The second-largest US gas producer by volume would need to have "conviction" on its outlook for US gas prices in order for it to hedge a full 50pc of its volumes, EQT chief executive Toby Rice told Argus in an interview Wednesday in New York City.

"I think that would be a limit," Rice said.

EQT remains entirely unhedged for 2026, he said.

Without a clear sense of the trajectory of the US gas market — a famously volatile market which has only become more volatile in recent years — EQT believes erring on the side of maximum exposure to spot prices will lead to higher average revenue. EQT made $68mn on its derivatives contracts in 2024 and $1.8bn in 2023, according to federal regulatory filings. This was after losing $4.6bn on derivatives in 2022 after Russia invaded Ukraine, sending US gas prices near $10/mmBtu, heights from which EQT was partly locked out because of its hedges.

EQT's unhedged strategy is a departure from when Rice was appointed chief executive in 2019 in a bid by activist investors to overhaul the company's board of directors and change its strategy. At that time, EQT was hedging up to 80pc of volumes, largely due to its higher cost structure, Rice said. But now, with EQT able to break even with US gas prices as low as $2.45/mmBtu — excluding its interest payments on its debt — hedging has become an "entirely opportunistic" tool for EQT, rather than a defensive necessity, he said.

The prompt-month settlement price for Nymex gas at the US benchmark Henry Hub so far this month has averaged $3.67/mmBtu.

EQT is also able to hedge less of its gas because it has increased the amount of gas it can move to consumers outside its core operating area in Appalachia. EQT sells more than 4.6 Bcf/d directly to end users, including power companies and utilities, local distribution companies and LNG export terminals, according to a confidential investor slide obtained by Argus. Of that, 3 Bcf/d goes to power and utility companies including NextEra Energy, Duke Energy, Southern Company and Constellation Energy; 1 Bcf/d goes to local distribution companies including Illinois-based Peoples Energy, Washington, DC-based WGL Holdings and New Jersey Natural Gas; and 600mn cf/d goes to LNG facilities including Venture Global, Sabine Pass, Cameron LNG and Berkshire Hathaway's Cove Point LNG.

Moving gas from Appalachia to population centers elsewhere in the country, where gas prices are higher, has historically been a challenge for Appalachian producers because of opposition from state regulatory agencies to the construction of new interstate pipelines. EQT has been able to overcome this challenge in part by signing long-term supply agreements with southeast utilities Duke and Southern for 1.2 Bcf/d of gas, which will be shipped on EQT's Mountain Valley Pipeline, as Argus reported earlier this month.

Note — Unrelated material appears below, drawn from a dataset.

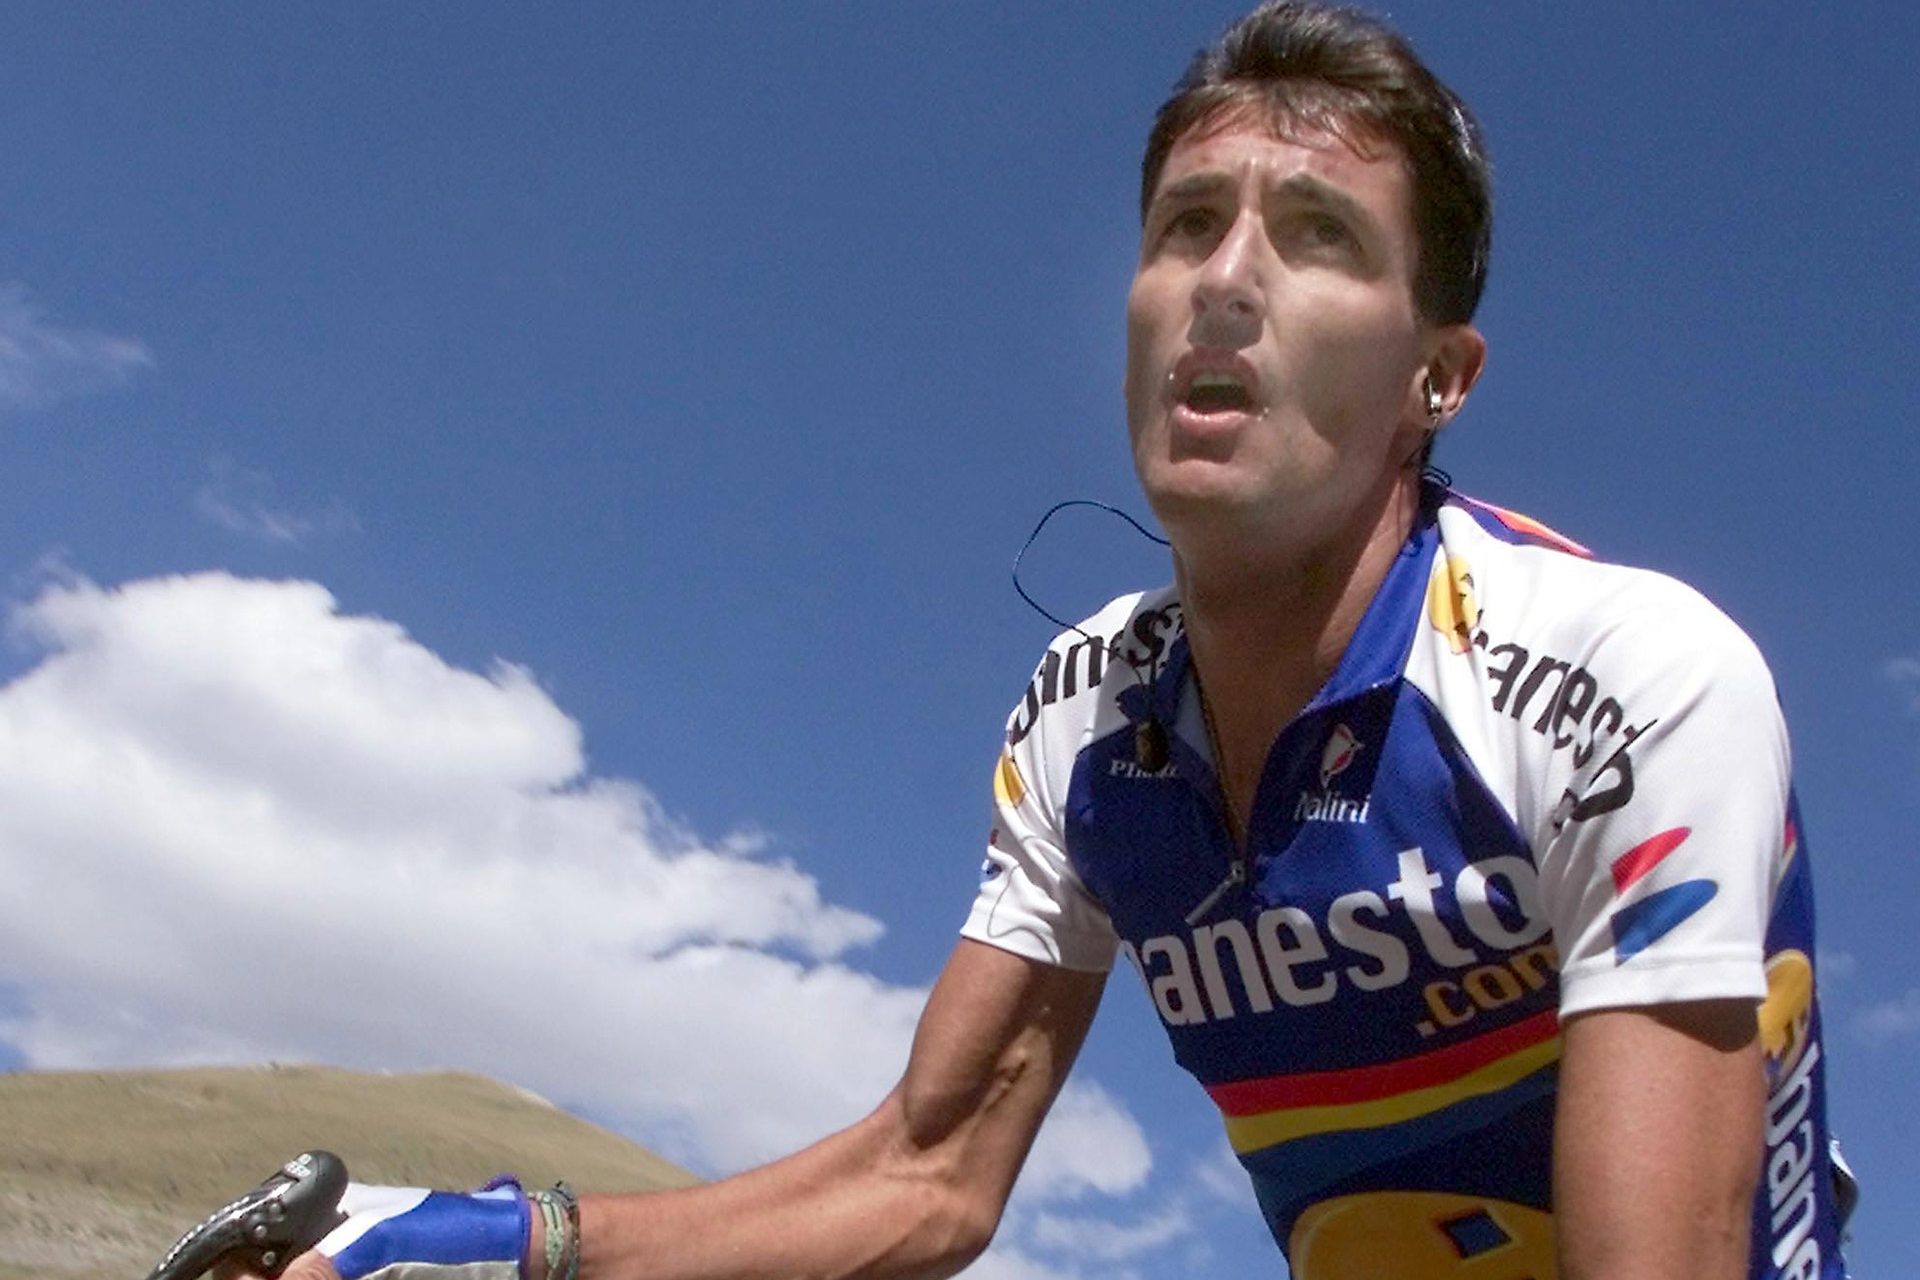 <p>Los problemas para el ‘Chava’ llegaron tras la Vuelta a España del año 2001, en la que consiguió ganar tres etapas y liderar las clasificaciones por puntos y de la montaña pero, tras la cual, nunca volvió a competir profesionalmente. Fue entonces cuando aparecieron una serie de problemas psicológicos que lo sumieron en la depresión.</p>

Gas buyers have become more interested in signing long-term supply deals with EQT as heightened volatility in the US gas market has increasingly lured in commodity traders who act as middlemen, Rice said. Switzerland-based commodity trader Glencore and New York-based quantitative trading firm Jane Street, among others, have been building up a US gas trading presence over the past year.

IRA rollback could boost gas demand

Rice also sees bright spots for gas amid an effort by Republicans in the US Congress to use a filibuster-proof budget bill to phase out clean energy tax credits from former president Joe Biden's Inflation Reduction Act.

If Republicans get their way, this could slow the growth of US renewable energy generation, "easily" boosting US gas demand by 1.5-2 Bcf/d by 2030 as gas takes market share from what would have otherwise been occupied by renewables, Rice said.

"If solar and wind investments decrease, that [energy] demand's not going away," Rice said.

EQT also expects planned data centers running artificial intelligence software to increase US gas demand by 4-6 Bcf/d over the period, he said. EQT is in discussions with "roughly a dozen proposed power projects" in Appalachia on an expected surge in US power demand, only about 40pc of which stems from planned data centers, Rice said. Rice still expects to announce a gas supply agreement involving one of these projects by the end of the year.